Фармазон — страница 37 из 62

и без того надломленные материны плечи? Она оскорбит и тут же забудет, а ты станешь долго страдать и полниться обидой. Почему мы не щадим, почему мы обижаем друг друга? Мать какая есть, такую и принять надо, ее же не переделать. Надо прощать друг друга, надо себя судить, а не других судить. Куда легче других половинить, копаться в мякоти души, как в скотских черевах, а после, окровавленные, вытягивать из утробы на свет Божий и разглядывать со сладострастием.

Такое вот смутное состояние овладело Тимофеем, когда разглядел он беззащитную материну старость, уловил ее тщательно скрываемое одиночество, и, воровато оглянувшись через плечо и не найдя на кухне жены, сказал вдруг жалобно:

– Плохо мне, мама. Просто жить не хочется…

– Что делать. Крепиться надо.

– Креплюсь, но вот-вот переломлюсь.

Тут вернулась жена, и разговор, едва начавшись, сам собою оборвался, каждый почувствовал непонятное стеснение. Нина приоделась, насурмилась, напомадилась, опоясала пальцы дутым золотом, подвесила накладную косу, ее подголубленные глаза расширились и обрели испуганно-томное птичье выражение: жена даже старалась реже мигать, наверное, чтобы не спугнуть с себя грубоватую красоту, которую обрела с помощью женских ухищрений. Видно было, что матери Нина поглянулась, но она с пристальной навязчивостью смотрела на ее укороченную в лодыжке ногу, смущала и сердила невестку. Но та упорно держалась, строила на лице ласковое выражение, когда приносила на стол все новые и новые перемены: снедь тесно сгрудилась, и на столешне едва нашлось место тонкому графинчику с наливкой.

– Где эдак угораздило? – с прямотой несколько неожиданной спросила Юлия Парамоновна.

– С детства еще, – невнятно откликнулась невестка.
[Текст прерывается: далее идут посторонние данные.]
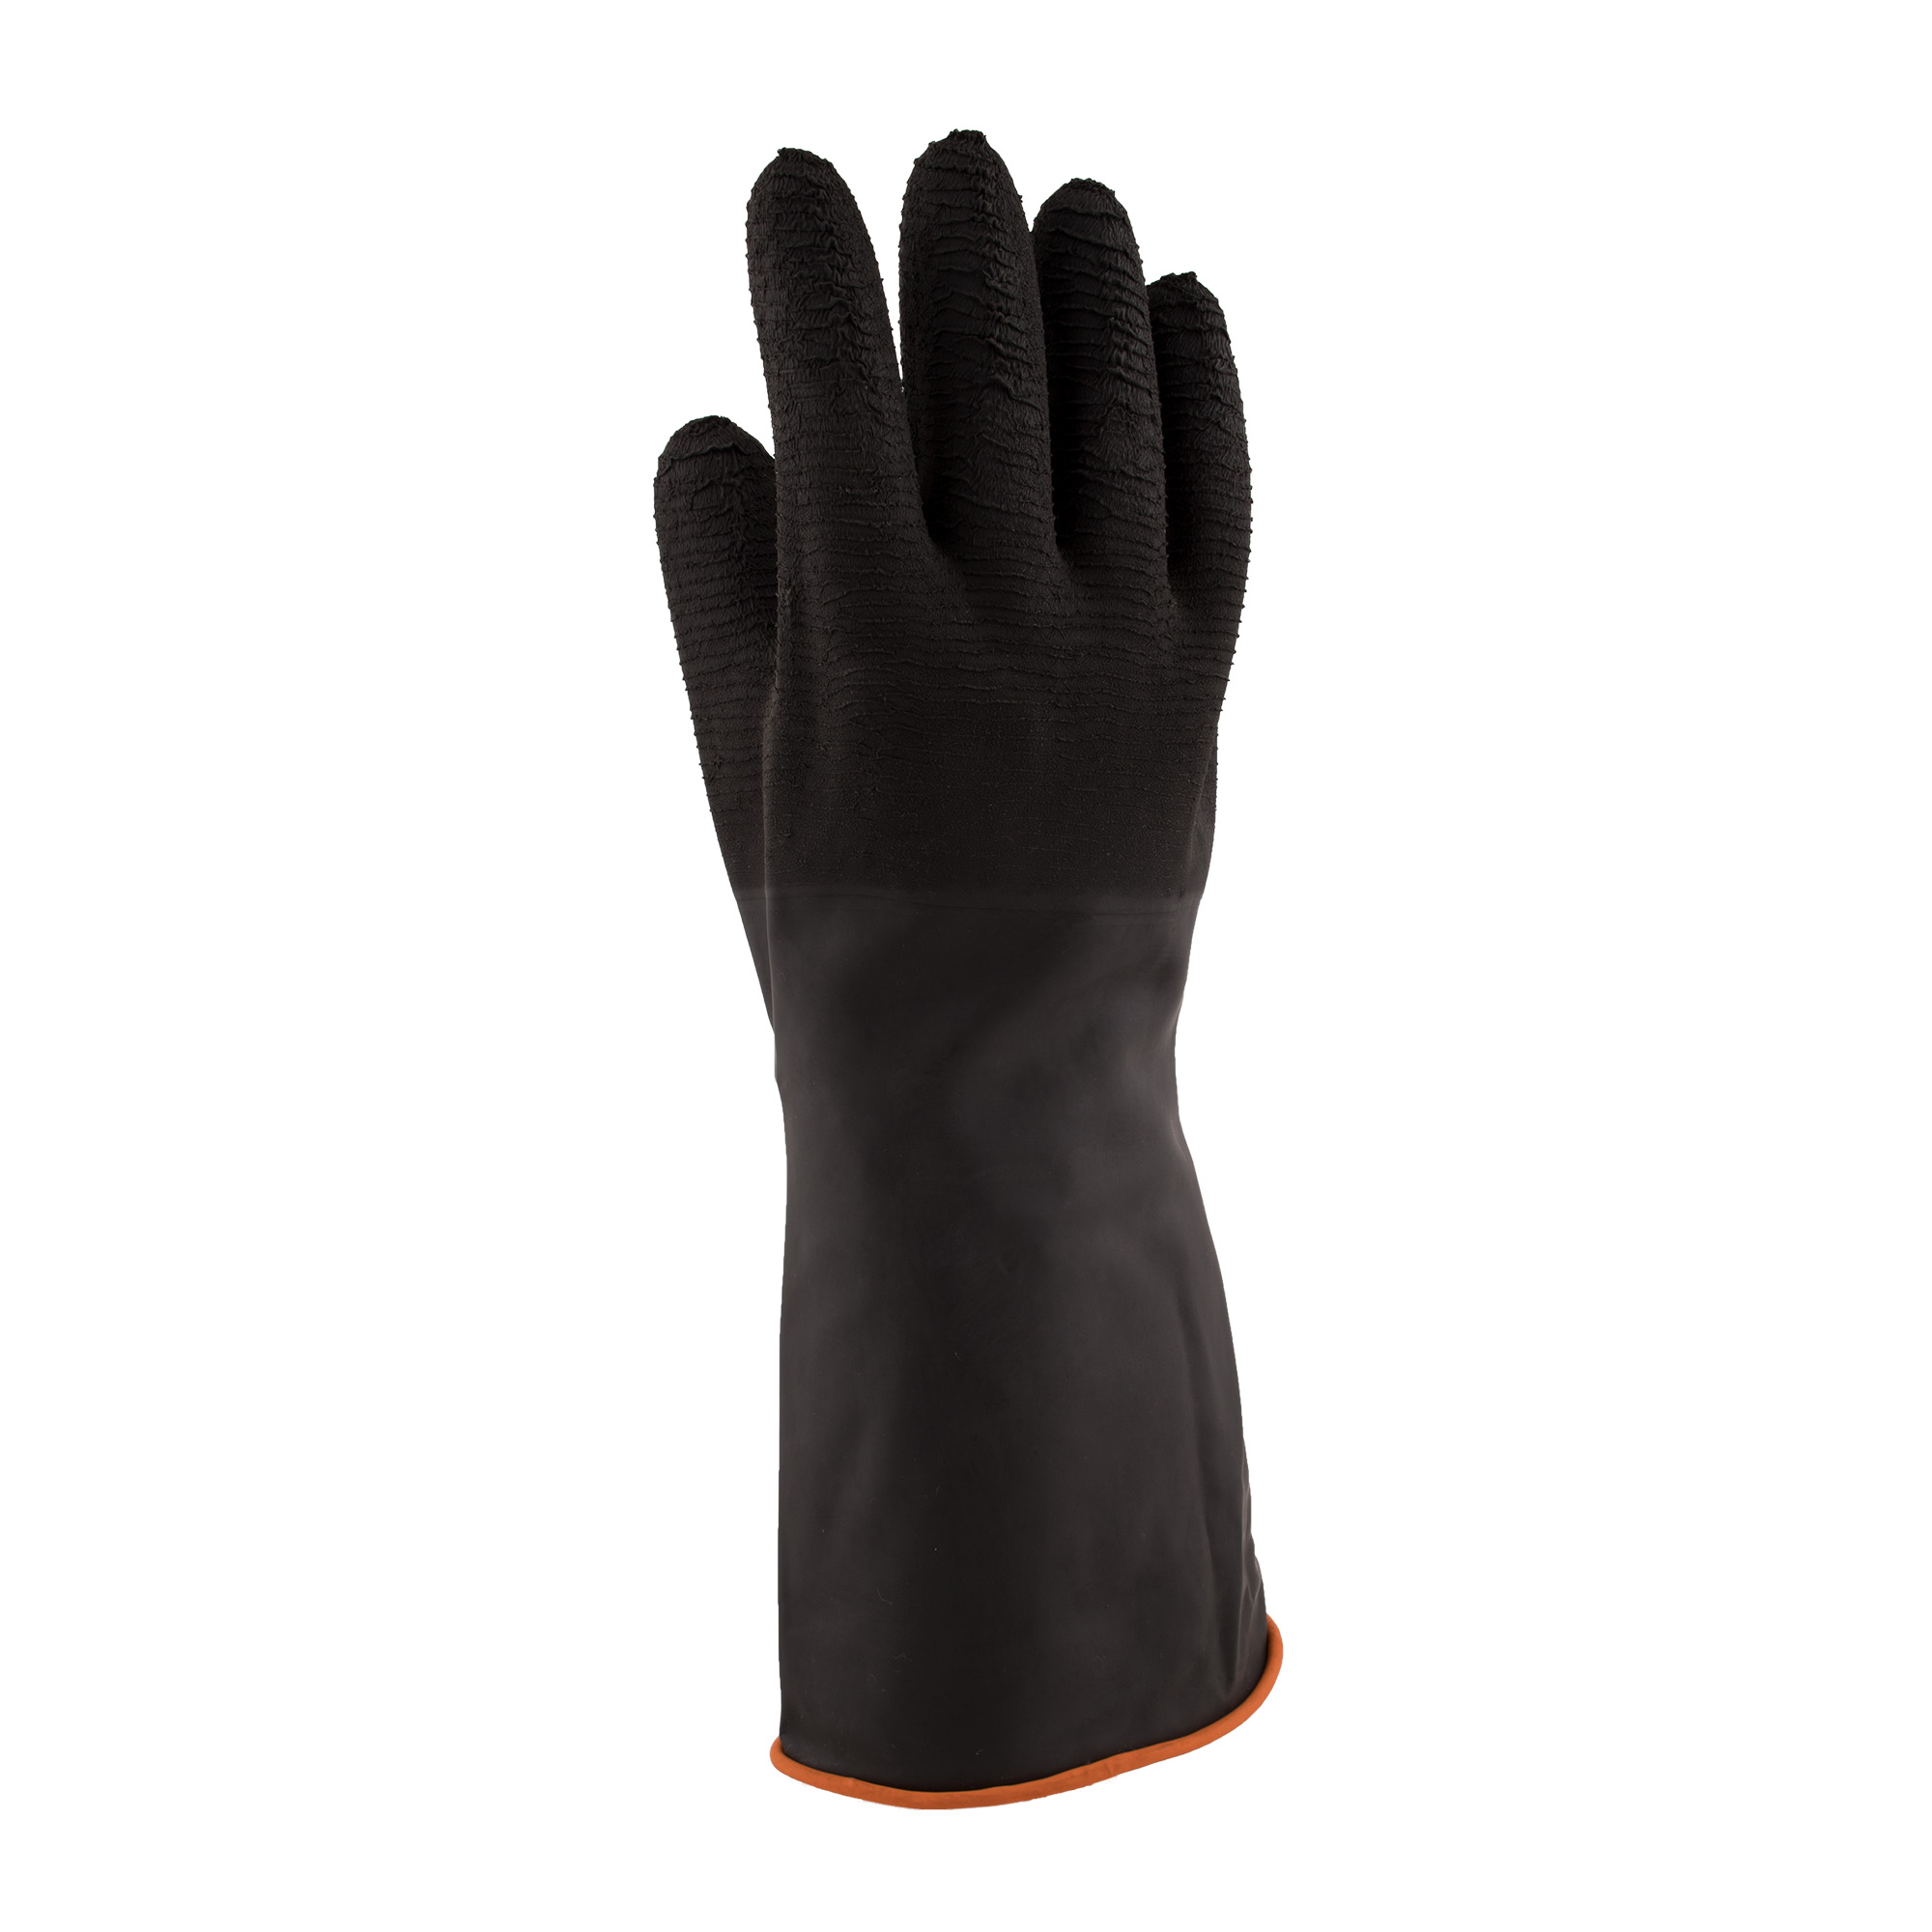 Rubber Crinkle Black Gloves 35cm Protekta Safety Gear

Тимофей вспыхнул от материной неделикатности, но сдержался, уткнулся в тарелку.

– Господи, худой-то какой. Одни кости, – жалостно воскликнула мать и погладила по щеке. – Ты его, Нина, корми. Не запускай мужа, а то недолго и рак. Схватит, а после кусай локоть… Раньше бы нам такое житье. – Она ревниво оглядела стол. – Такому вот кусочку были рады. Уйдешь на работу рано, вернешься поздно. Думаешь: как они там? Всего натерпелась, и хоть бы какая тебе благодарность на старости.

– И нам трудно было. Я вот первый костюм в двадцать пять лет надел.

Не надо было говорить этих слов: какой-то черт поманил, дернул за язык. Сейчас расплачивайся за свою болтливость. Языком-то: бот-бот… Спохватился Тимофей, кляня себя, но было поздно. Да и какая-то досадная пружина застряла в душе, не давала во всем соглашаться с матерью. Слово за слово, упрек за упрек, и никакой уступки. Зачем? Чего хотим доказать друг другу? Какой правоты хотим? Все страдали, но мне хочется, чтобы я страдал более других, и хоть тем возвыситься в собственных глазах.

– Ты терпел… Это ты терпел? – изумленно воскликнула мать. – Я – да!.. Я терпела, я страдала из-за вас. Думаешь, легко было поднять на ноги? А сейчас претензии к матери.

– Ты что, никаких претензий. Я просто сказал, к слову пришлось.

– Замолчи! Больно умен! Не надо ничего говорить. Он терпел. Да жизнь-то ваша… Сравнить ли! А ему, видишь ли, жить не хочется. Больно умны стали. Придурью маетесь.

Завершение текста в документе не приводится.